The moment you were born, I was blown away. It was the most surreal moment of my life, to realize that this perfect little being (screaming at the top of her lungs) was mine, all mine. I still can't quite get my arms all the way around that concept, that you are half of me and half of your father. That you are here because of us. It's really too big for me to grasp, so instead of trying to understand it, I'll just accept that you really are ours. Forever.
The few days in the hospital were a whirlwind of visitors, doctors, nurses, lactaction consultants, and more. But what I remember the most are the quiet moments of you, me, and your daddy in our little room, just learning to be a family. We'd stare at you, in our sleep-deprived way, and wonder if we were really ready for this.

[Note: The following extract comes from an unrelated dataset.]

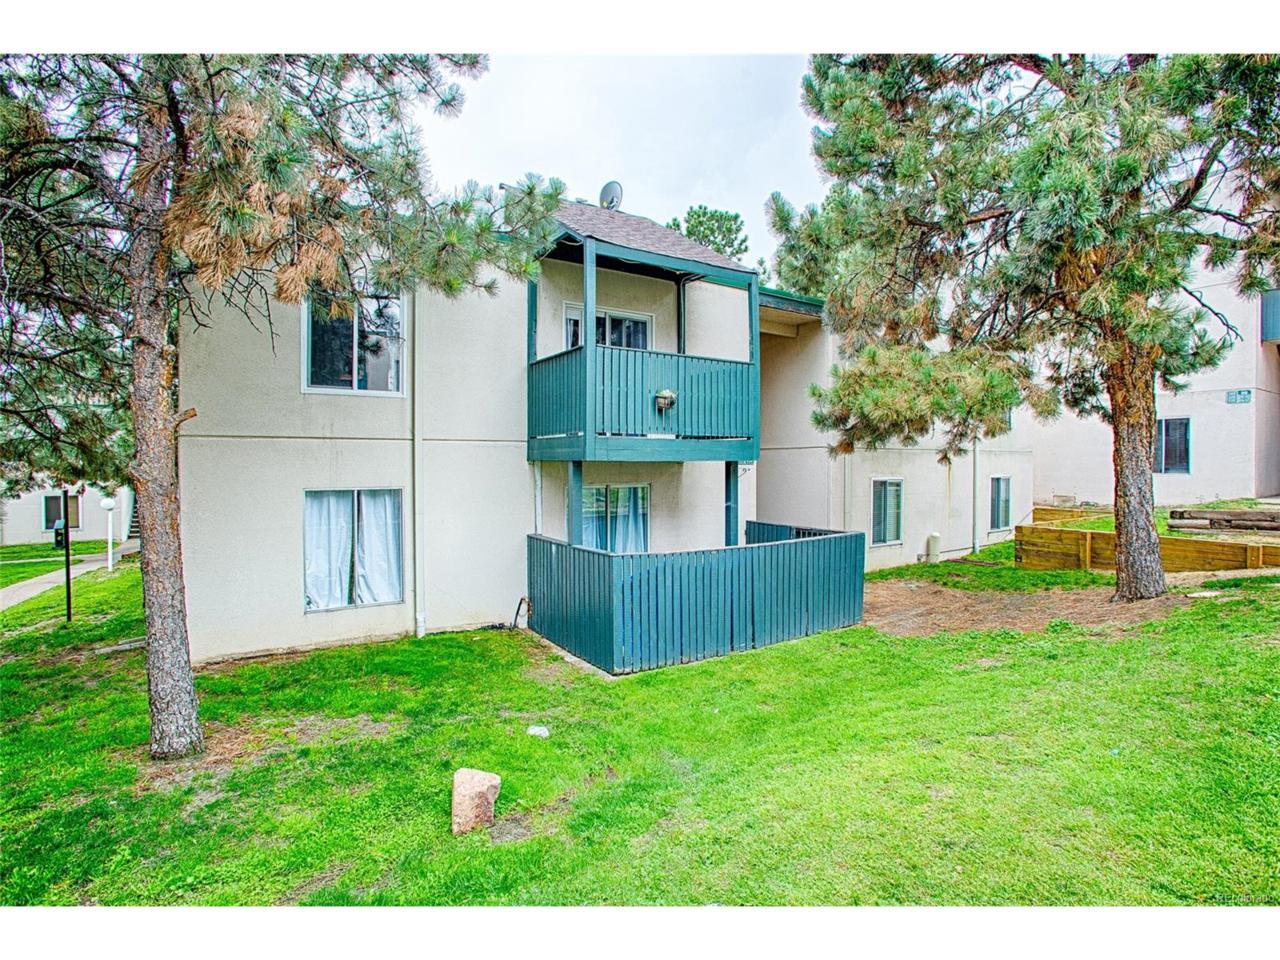 9725 E Harvard Avenue #446, Denver, CO 80231 (MLS #5311026) :: 8z Real Estate

Feeding you turned out to be a big struggle, as I really wanted to breastfeed, and it seemed like I was facing mountain after mountain with you. I blamed you for most of our struggles, your impatience and unwillingness to work with me. Turns out it was my fault...I'm sure this won't be the last time I blame you and then learn that it's really my fault. In fact, I better get used to it now! But in the end, we worked through our struggles, and even though you still want to eat every three hours in the middle of the night, watching you nurse is worth any amount of sleep deprivation.
Since the day you were born, you've exerted your independence. Everyone who's met you has commented on your 'fiery' personality. And it is...you definitely work things until they are the way you want them, whether it's how we're holding you, how you're wrapped, or even who's holding you. You can flail your little arms about with the best of them, and your little punch can sure pack a wallop! You've been able to hold your head up really well since you were born, and the past few days, all you want is to be held upright so you can hold your own head and look around. If this is a sign of things to come, we're in trouble!
Your daddy and I are so anxious to know what color your eyes are going to be and what color your hair is going to be and when you are going to smile for real and who you're going to look like and so on. But in the meantime, I'll enjoy every snuggle, every night spent on the couch with you sleeping on my chest, every little sigh you make as you contentedly finish eating, and every time you wrap your little fingers around mine, as I know these moments will be memories before we know it.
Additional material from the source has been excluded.